Abstract

This article examines the economic effects of the Second World War on African peasant producers in Kenya, and places the war years within the context of the colony's economic difficulties during the Depression. In the mid-1930s the Kenya government sought to encourage African production, particularly among the Kikuyu and Abaluhya, in order to bolster the fiscal base of the colonial state and to subsidize the survival of the settler farming community. Promotion of African agrarian production brought conflict with the settler farming sector, and generated a serious crisis in the political economy of Kenya.
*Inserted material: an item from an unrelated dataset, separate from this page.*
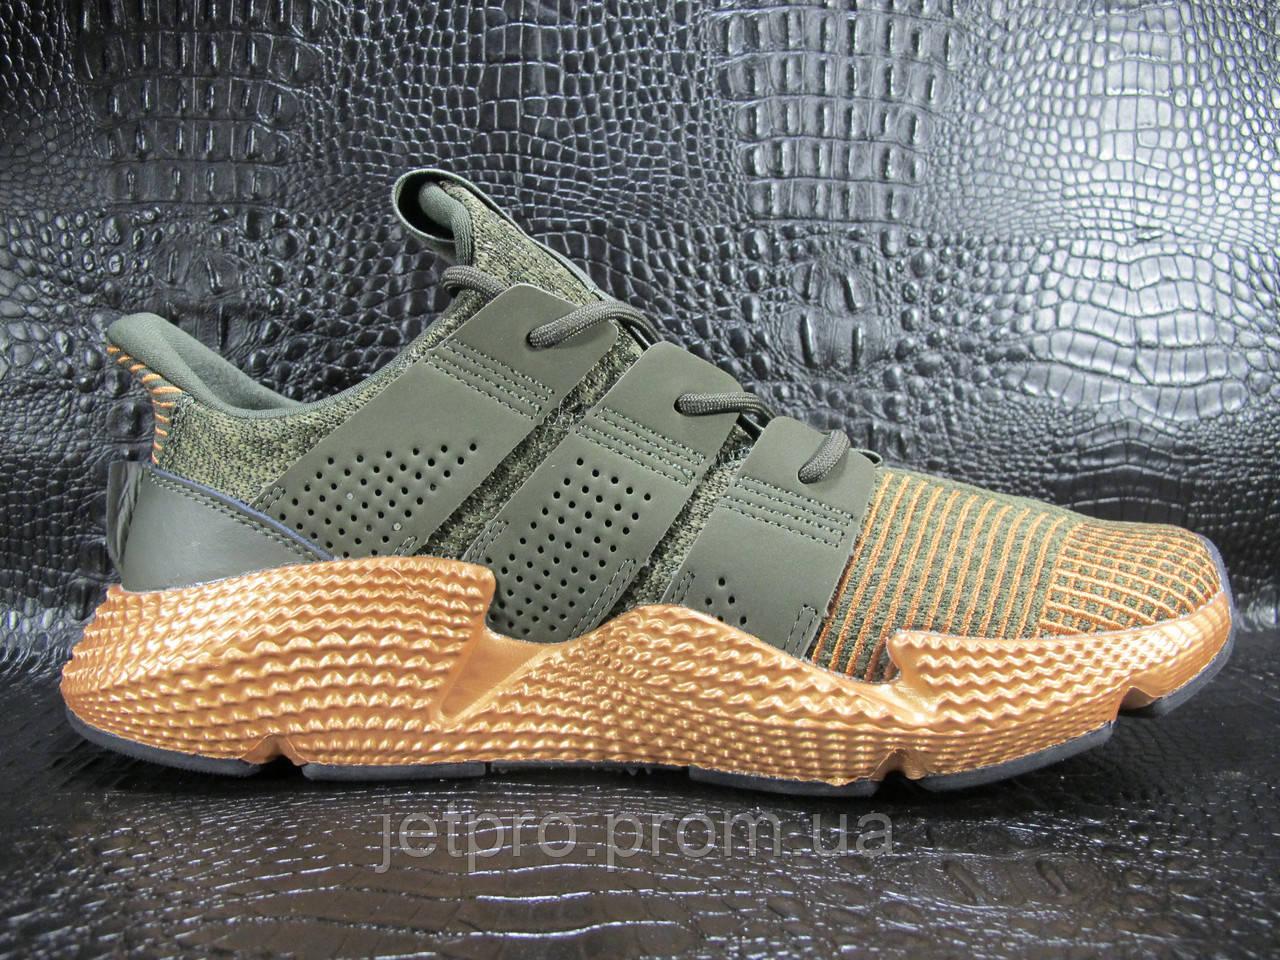 Кроссовки мужские Adidas PROPHERE REVIEW Verde грн 550/ Dorado, цена мужские 1 550 грн 86e4c63 - allpoints.host
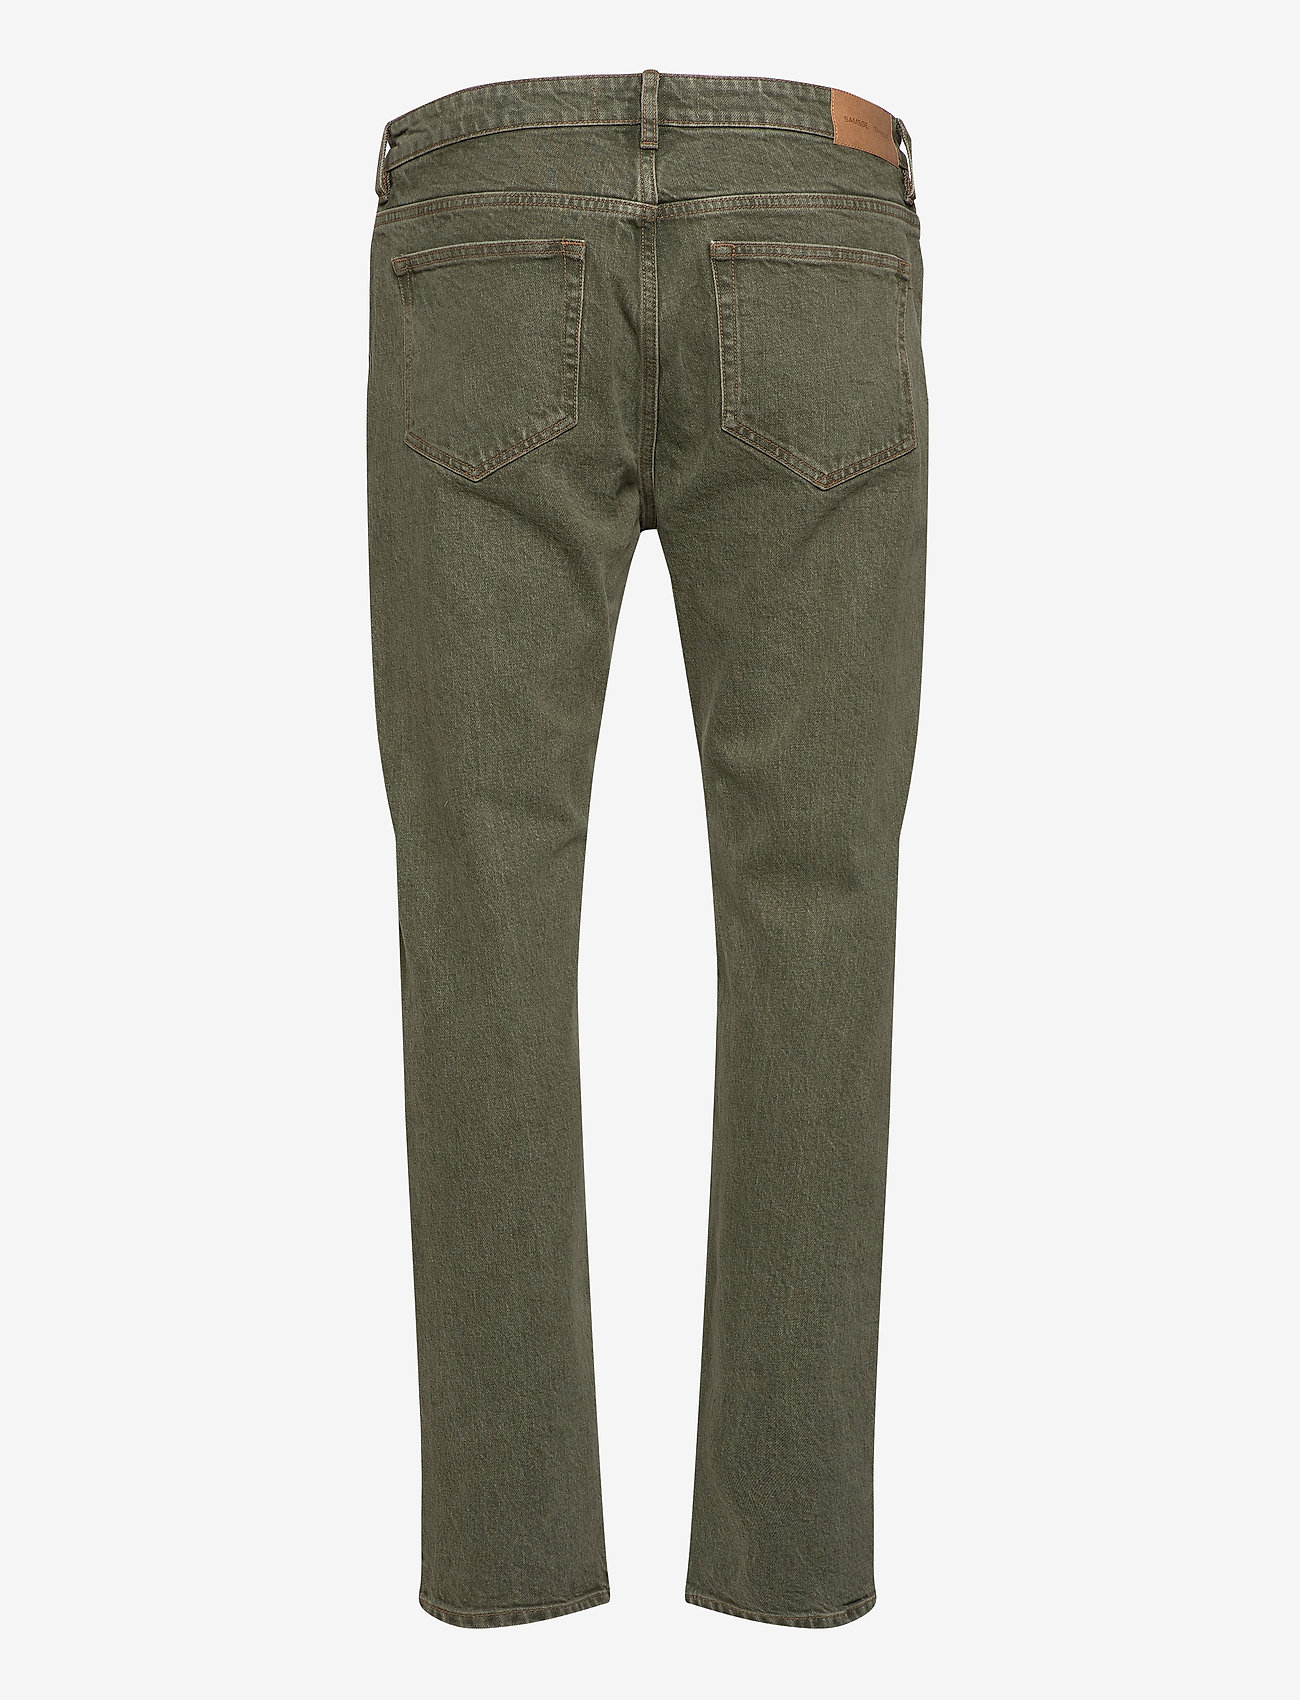 Samsøe Samsøe - Rory jeans 12717 - regular jeans - grass - 1

These antagonisms became sharper during the war, when, after the Japanese advance in S.E. Asia, the Allied war effort demanded greater production from Kenya's settler farmers. Assisted by high guaranteed prices, both settler and African production was able to expand during the war. Previous studies of the impact of the war in Kenya have underplayed the extent to which African producers were able to capitalise upon this economic boom. Easily able to by-pass official marketing channels, African peasants produced for the black market. By doing so during the mid-war drought and maize crisis of 1942–3, African producers were able to obtain very favourable prices. Emerging peasant households among the Kikuyu and Abaluhya were therefore economically strengthened by the circumstances of the war, as was the settler farming sector. Europeans and Africans in Kenya were set on a collision course, which was to culminate some seven years after the war in the Mau Mau rebellion.